November 2009 Sporting Clays Tip

Where do our shooting skills come from? How are they developed and acquired?

With each trip to the course, each of us is building an inventory, or database, of muscle movements and sight pictures necessary to successfully complete a particular shot. At Paragon we call that,.....Familiarity. It is a mental inventory or database of sight pictures and swing movements - based on the target presentation in front of us. A presentation we will see again. And again.

Building this critically important Familiarity requires training and repetition. Have you considered how you approach building this Familiarity, i.e., target inventory?

Some do this by trial and error rather than deliberation and purpose.
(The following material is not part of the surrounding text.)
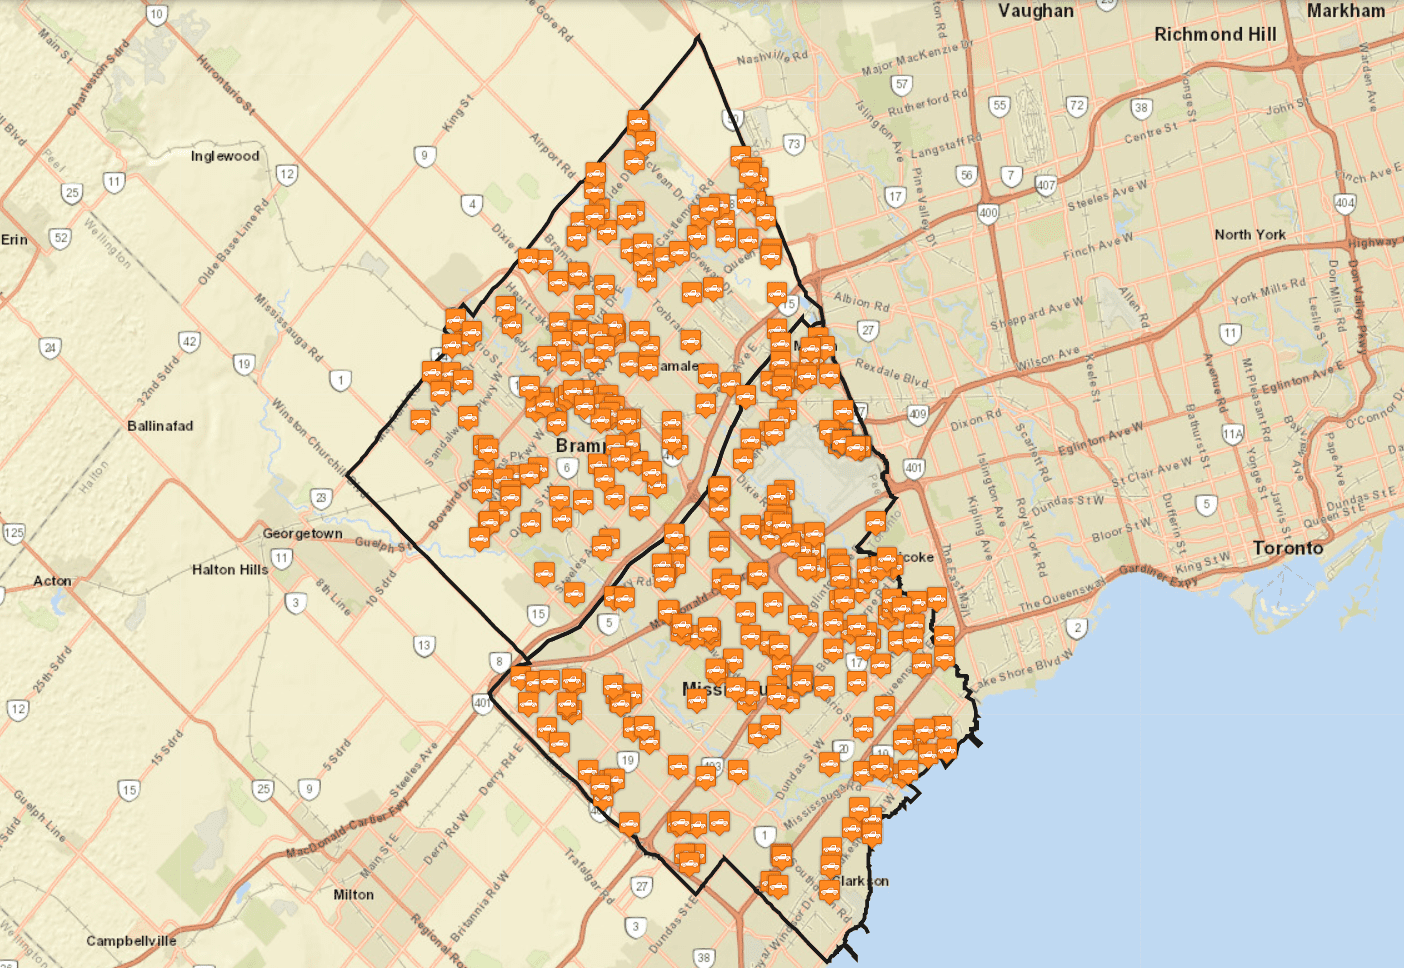 Peel Regional Police crime map showing the location of 355 auto thefts in the past 30 days.

Through hunting, wing shooting, and trial and error on the Sporting course, this hit and miss process can develop some skill over the years. Yet improvements can be slow in coming, difficult and sporadic. Unguided practice tends to reinforce habits - good or otherwise - and progress on unfamiliar targets doesn’t always come. Sometimes, after a target presentation is attempted many, many times, Familiarity does develop. This is the longer, time consuming, random approach to skill development and Familiarity.

In contrast we have the shooter with a more structured approach. Skills are acquired and Familiarity develops as a result of practice sessions dedicated to something very specific in the set up and/or shot. This learning process incorporates shooting more deliberately. With each shot, X or O, this shooter focuses attention on the process of the shot, (gun movement, sight pictures, etc.) not the result (X or O). When a mistake is encountered, corrections are made, moving one step closer to the successful and repeatable shot. Similarly, the successful shot is noted and logged. Every shot has a purpose.

Each and every shot we make, X or 0, provides an opportunity to improve and develop Familiarity. Changing our approach can and will reduce the time necessary to develop the skills we desire. Incorporating more, better defined structure into our practice and training will move us away from Random and closer to Deliberate skill development - a much faster process.